We have the following observations. First, μ₁, μ₂, μ₃, and μ₄ are ranked in an ascending order, indicating that patients in state 1 got the lowest score of FAQ, whereas those in state 4 got the highest. That is, patients’ ability to function independently in daily life steadily deteriorated from state 1 to state 4. According to the existing literature (Kantarci et al., 2013), state 1 to state 4 can be explained as cognitive normal (CN), early mild cognitive impairment (EMCI), late mild cognitive impairment (LMCI), and AD, respectively.

Second, the functional effect of hippocampus on FAQ exhibits a descending trend as hippocampus grows regardless of states.

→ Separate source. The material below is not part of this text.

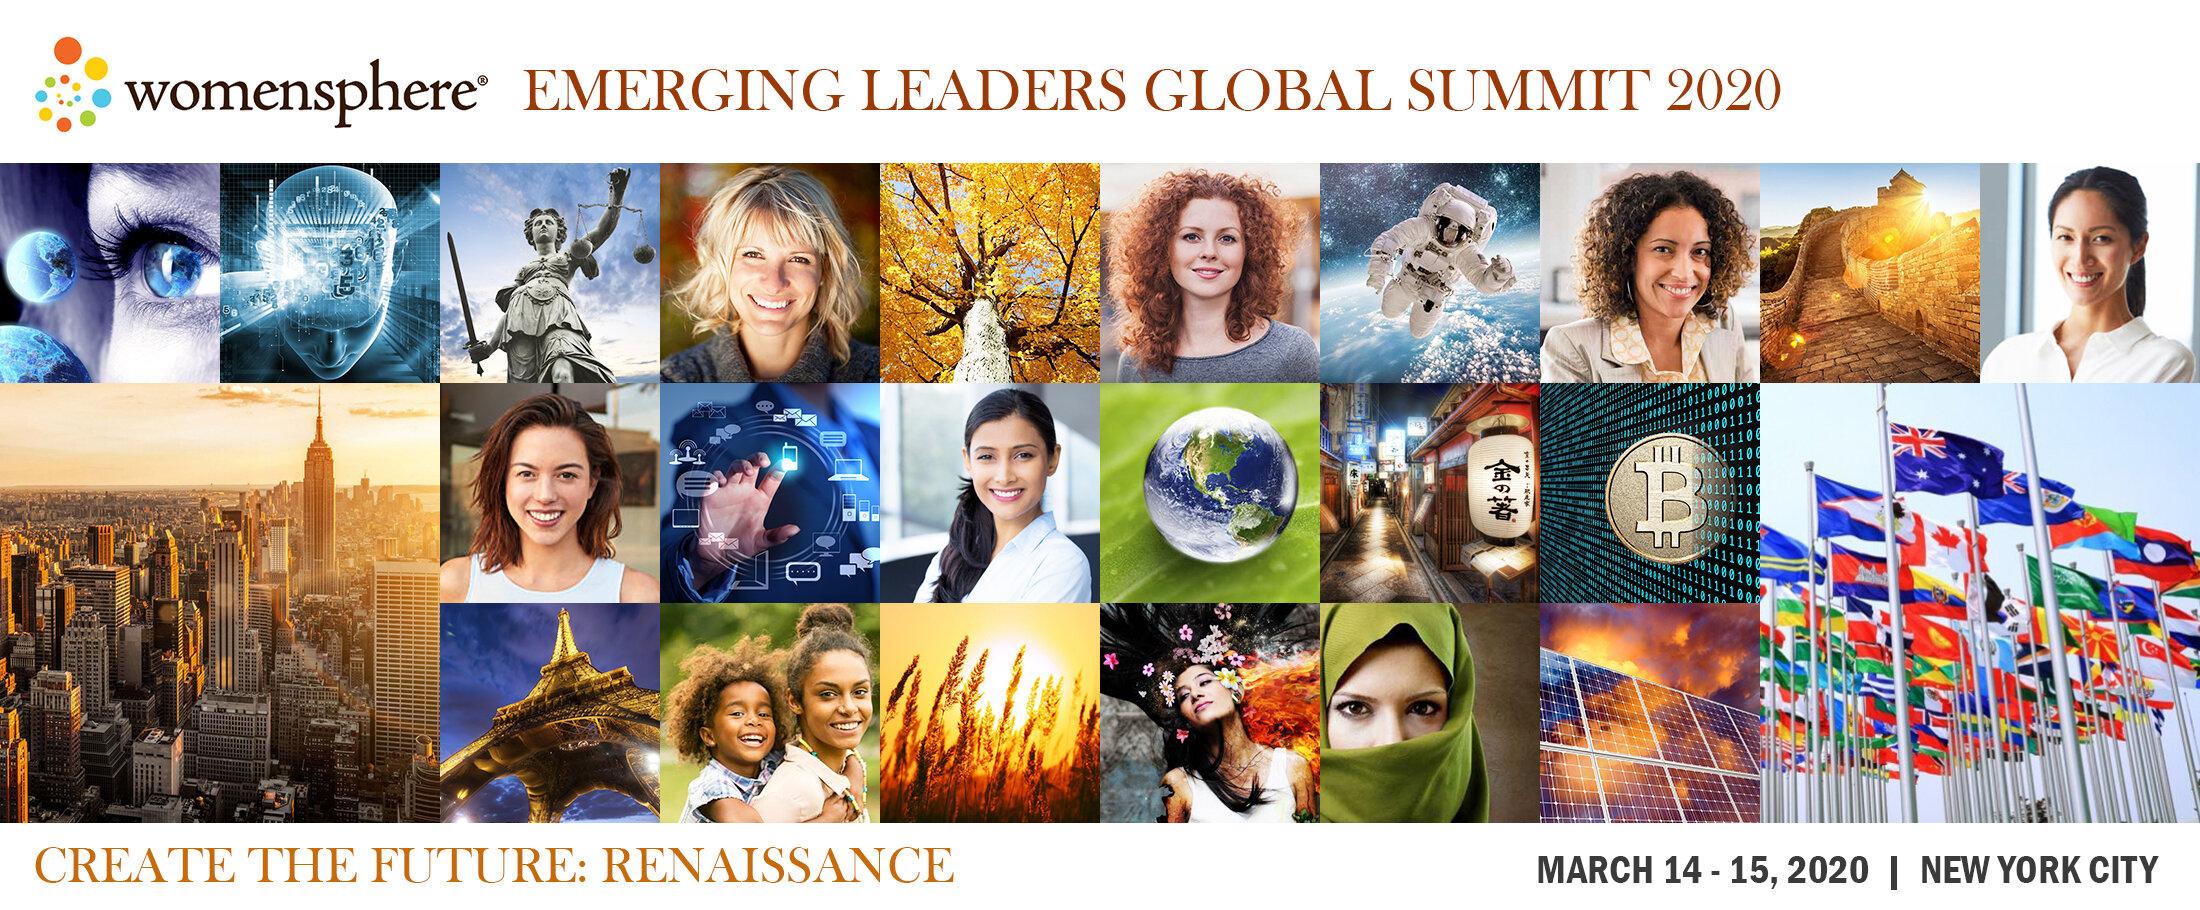 Womensphere Emerging Leaders Global Summit 2020 Banner.jpg

Specifically, in CN state, people with bigger hippocampus volume tend to have slightly better memory. This finding is in line with the common sense that hippocampus plays an important role in the consolidation of information from short-term memory to long-term memory. In EMCI and LMCI states, the descending trend of the functional effect of hippocampus on FAQ becomes much more pronounced. This result implies that atrophy in hippocampus increasingly impaires patients’ cognitive ability. The published reports (e.g., Dickerson and Wolk, 2013; Kesslak, Nalcioglu and Cotman, 1991; Jack et al., 1992) also indicate that the volume loss of the hippocampus is greatly associated with clinical dementia. In AD state, the effect of hippocampal volume on FAQ is not significant because patients’ cognitive ability and memory have already been damaged by serious hippocampus atrophy.

Third, the effect of age on FAQ is nonsignificant in CN and EMCI states, implying that for those who have cognitive normal function or undergo only EMCI, age may not be a decisive factor for the reduction of cognitive ability. On the contrary, age exhibits nonlinear effects on FAQ in LMCI and AD states. The age effect is nonsignificant for relatively young patients but becomes significantly positive for elderly patients (say, over 85 years old). The positive effect increases with age and gets an even sharper rise in AD state. Such age effect was also discovered by previous studies (e.g. Gao et al., 1998; Lindsay et al., 2002).

Fourth, as for the fixed effects of discrete variables, a significantly negative effect of gender on FAQ appears in state 4, which means that male AD patients are in a better condition than females in terms of independent abilities. The two APOE-ε4 alleles (b_it,1 and b_it,2) have significantly positive effects on FAQ in state 4 and b_it,1 also has a slightly positive effect on FAQ in other states. This finding agrees with the newly published clinical research output that the presence of ε4 alleles in the APOE gene is the only genetic variant broadly accepted as increasing risk for late-onset AD dementia (Albert et al., 2011).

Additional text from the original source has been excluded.